Sample preparation, processing and analysis of the results were performed by Genotypic Technologies, Bangalore. The samples that passed integrity analysis by Bioanalyzer (Agilent Technologies, Santa Clara, CA) were labeled using Agilent Quick Amp Kit. 500 ng of total RNA was reverse transcribed using oligo-dT primer tagged to T7 promoter sequence. cDNA thus obtained was converted to double stranded cDNA in the same reaction. Further, the cDNA was converted to cRNA by in vitro transcription using T7 RNA polymerase. During cRNA synthesis Cy3 dye was incorporated into the newly synthesized strands. cRNA obtained was cleaned up using RNeasy columns (Qiagen, Venlo). 600 ng of labeled cRNA were hybridized on the array using the Gene Expression Hybridization kit (Agilent). Hybridized slides were washed and were subsequently scanned on a G2505C scanner (Agilent).

Microarray Data Analysis

Images were quantified using Feature Extraction Software (Version-10.7, Agilent). Feature extracted raw data was analyzed using GeneSpring GX Version 12.0 from Agilent. Normalization of the data was done in GeneSpring GX using the 75th percentile shift and normalized to specific control samples. Genes with average fold change ≥(log2 1) and ≤(log2 (−1)) in Huh7.5M cells over those in Huh7.5 were considered upregulated and downregulated respectively. Differential gene expression profile from biological replicates was generated based on the above criteria. Many genes that showed significant change in the replicates, but failed to meet stringent statistical significance were also considered for comparison. This is based on our conviction that genes that undergo consistent differential expression would have biological significance and hence should be considered significant, irrespective of their statistical significance. Genes were classified using GeneSpring GX and Biointerpreter-Biological Analysis softwares (Genotypic Technology). Ingenuity Pathway Analysis (IPA, Qiagen) was used to study differentially regulated pathways. The data can be accessed at GEO accession number GSE78085.

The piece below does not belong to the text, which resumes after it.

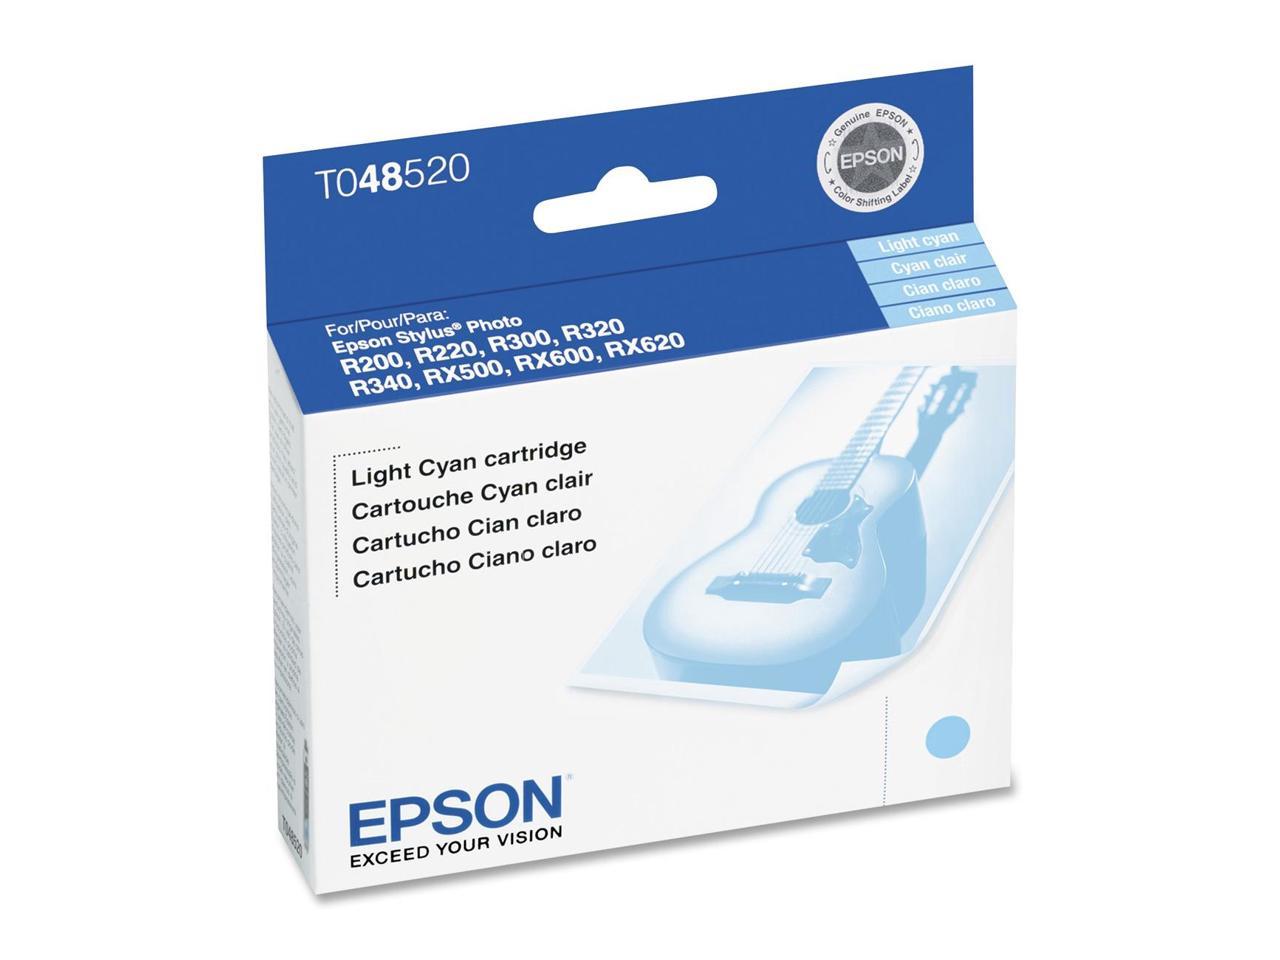 EPSON T048520 Photo Cartridge Light Cyan

Quantitative real time RT-PCR

Total RNA was isolated as mentioned above. cDNA was generated using Primescript reverse transcriptase (Takara Bio, Mountain View, CA). 150 ng of cDNA samples were amplified using gene specific primers and SYBR Premix Ex Taq (Takara Bio) in Lightcycler 480 (Roche Molecular Diagnostics, Pleasanton, CA). Fold changes between the samples were calculated using ΔΔ Cp values with GAPDH serving as internal control. Average fold changes from a minimum of three independent experiments were graphically represented. Primer sequences used in the reactions are listed in Supplementary Table S10. Oligos for CDH1, VIM and GAPDH quantification were described previously24.

Immunobloting and analysis

Cultured cells were harvested, washed and lysed with NP-40 lysis buffer24. Equal quantities of proteins from lysates were electrophoretically resolved in SDS-PAGE, transferred onto 0.45 µ PVDF membrane and immunobloted as described elsewhere24. Densitometric analyses of the bands were performed using ImageJ software.

Luciferase assays

Cells were grown to 70% confluency at which point they were transfected with luciferase vectors using Lipofectamine 2000 (Thermo Fisher Scientific). Cells were harvested at 30 hrs post-transfection and luciferase assay was performed using dual luciferase reagent (Promega, Fitchburg, WI) according to the manufacturer’s protocol. M50 Super 8x TOP Flash was a gift from Randall Moon49 (Addgene #12456). NF-κB-luciferase reporter plasmid was gifted by Dr. Ghanshyam Swarup50. SBE4-luc was gift from Bert Vogelstein51 (Addgene plasmid # 16495). pCMV-Rluc plasmid with Rluc under CMV promoter was used for normalization52.

Statistical significance

Experimental results are represented as Mean ± SEM of a minimum three independent experiments. For P-value calculation, paired-end, two-tailed, t-test was performed. *, ** and *** indicate P-values < 0.05, < 0.005 and < 0.0005 respectively.